Systematic protein complex profiling and differential analysis from co-fractionation mass spectrometry data

Protein complexes, macro-molecular assemblies of two or more proteins, play vital roles in numerous cellular activities and collectively determine the cellular state. Despite the availability of a range of methods for analysing protein complexes, systematic analysis of complexes under multiple conditions has remained challenging. Approaches based on biochemical fractionation of intact, native complexes and correlation of protein profiles have shown promise, for instance in the combination of size exclusion chromatography (SEC) with accurate protein quantification by SWATH/DIA-MS. However, most approaches for interpreting co-fractionation datasets to yield complex composition, abundance and rearrangements between samples depend heavily on prior evidence.
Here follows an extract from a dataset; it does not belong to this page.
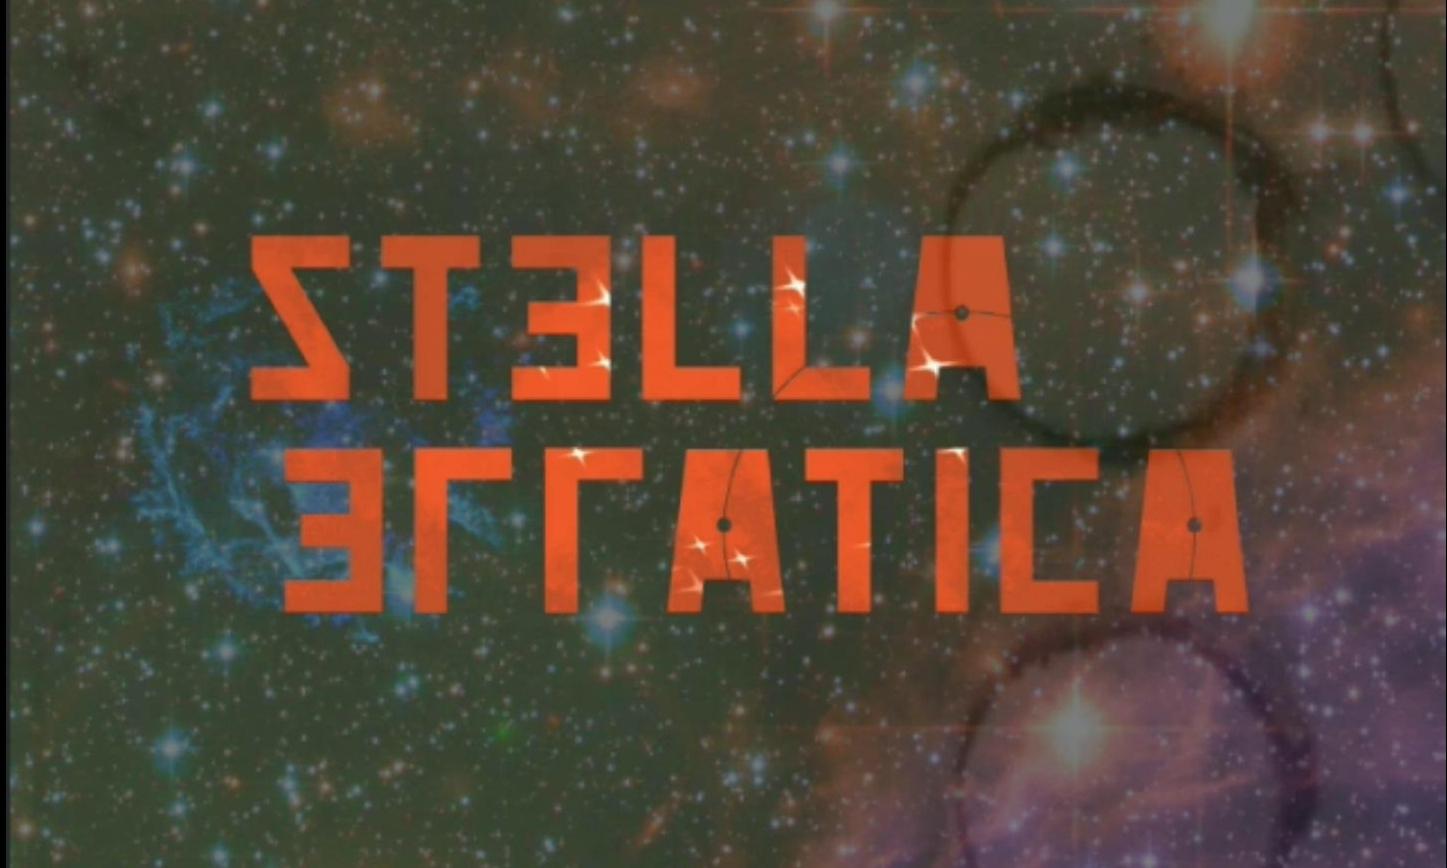 Stella Erratica title card.jpg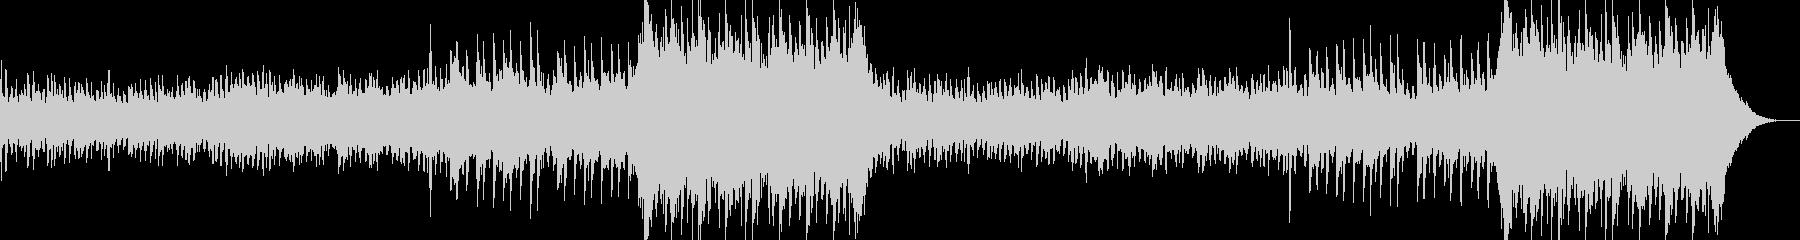 企業VPや映像36、壮大、オーケストラaの未再生の波形

We introduce PCprophet, a computational framework to identify novel protein complexes from SEC-SWATH-MS data and to characterize their changes across different experimental conditions. We demonstrate accurate prediction of protein complexes (AUC >0.99 and accuracy around 97%) via five-fold cross-validation on SEC-SWATH-MS data, show improved performance over state-of-the-art approaches on multiple annotated co-fractionation datasets, and describe a Bayesian approach to analyse altered protein-protein interactions across conditions. PCprophet is a generic computational tool consisting of modules for data pre-processing, hypothesis generation, machine-learning prediction, post-prediction processing, and differential analysis. It can be applied to any co-fractionation MS dataset, independent of separation or quantitative LC-MS workflow employed, and to support the detection and quantitative tracking of novel protein complexes and their physiological dynamics.